On June 25, 2010, members of the U.S. congressional conference committee reached agreement to reconcile the competing House and Senate versions of proposed legislation overhauling the nation's financial regulatory system. The agreement follows passage by the Senate on May 20, 2010 of its version of the reform legislation and paves the way for Congress to vote on the final legislation next week so that the new law may be signed by the president prior to the Fourth of July holiday.

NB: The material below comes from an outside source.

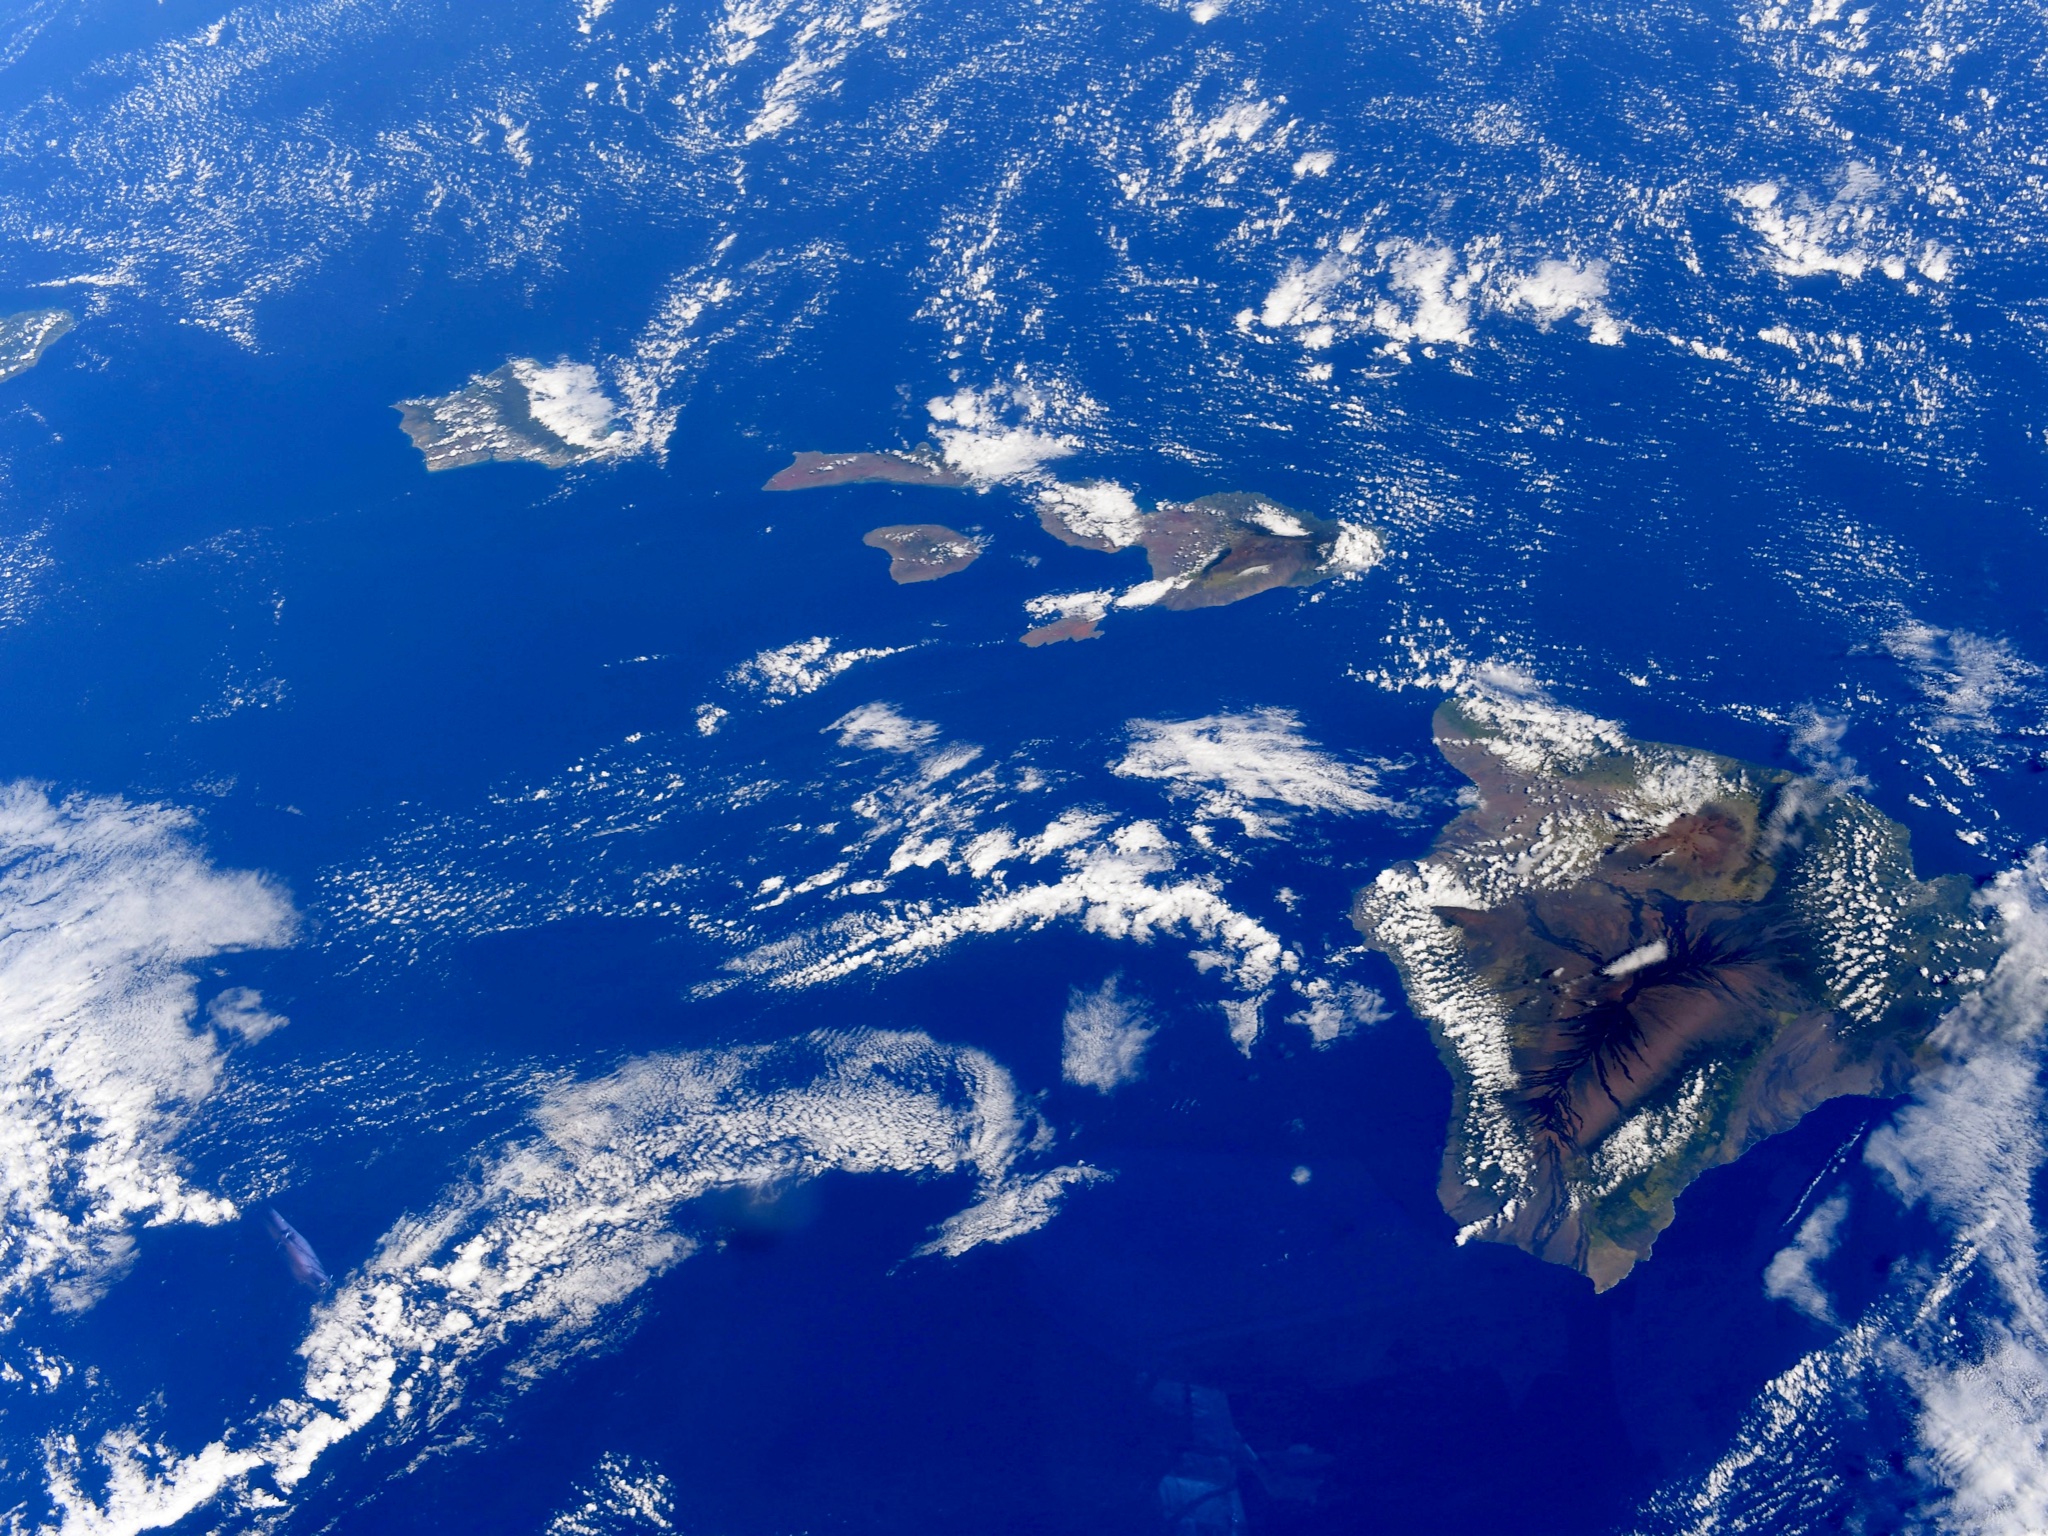 Самое большое скопление островов в мировом океане. Атлантический океан снимок из космоса. Тихий океан вид с космоса. Мировой океан вид из космоса. Снимки океана из космоса.
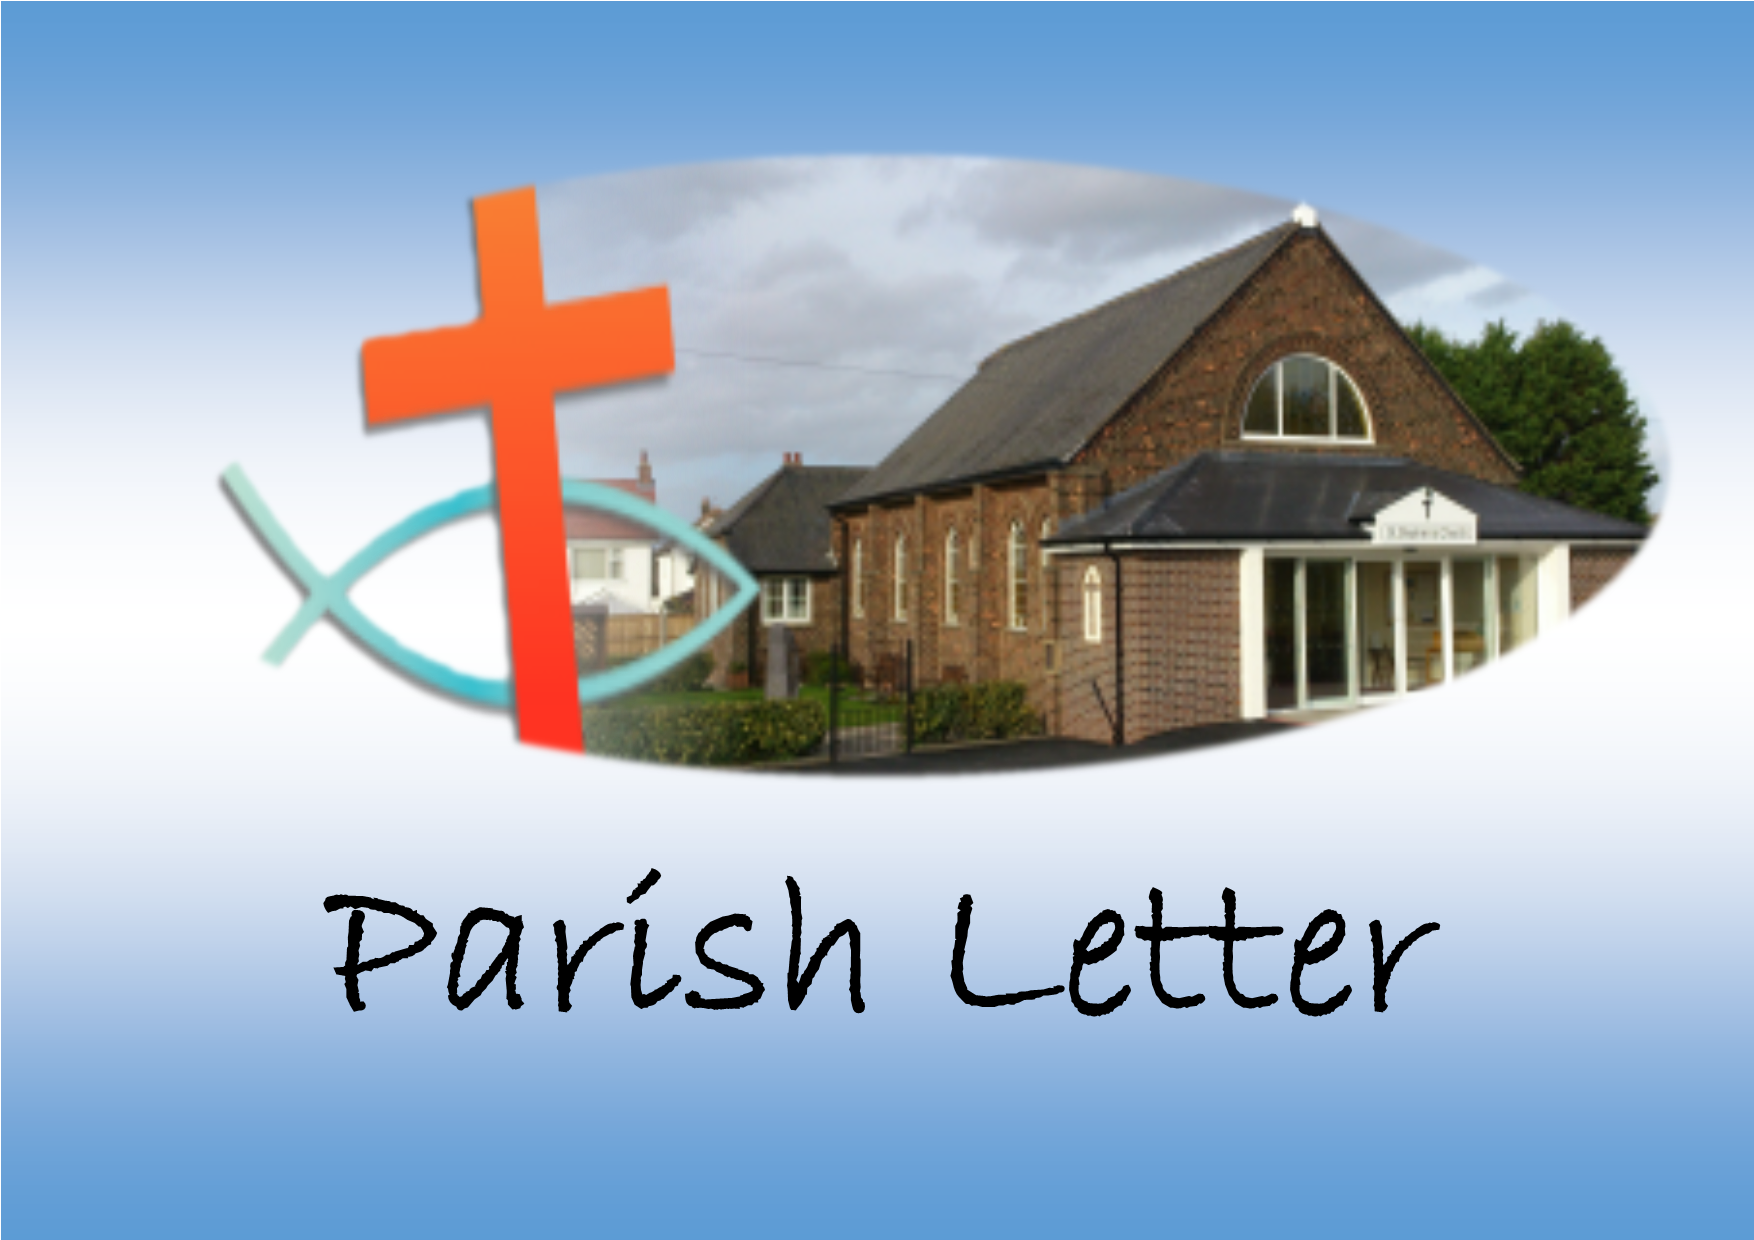 Parish Letter

In addition to financial regulatory reform, the legislation also contains corporate governance provisions that apply to all public companies (please see our May 26, 2010 Legal News Alert: http://www.foley.com/publications/pub_detail.aspx?pubid=7153). The text of the final bill, now renamed the Dodd-Frank bill, is not yet available. However, based on news reports and other publicly available information, it appears that:

  • There will not be a requirement in the legislation for companies to adopt majority voting for directors
  • The proxy access provisions of the legislation will not set any specific percentage ownership or holding period requirements as conditions for shareholders to submit nominees for directors and will authorize the SEC to exempt certain small issuers
  • "Say on pay" provisions of the legislation will allow companies to hold advisory votes on executive compensation every other or every third year, instead of annually
  • The legislation will require an advisory vote by shareholders on "golden parachute" arrangements

A comprehensive update on the final corporate governance provisions of the legislation will be provided once the final bill becomes available.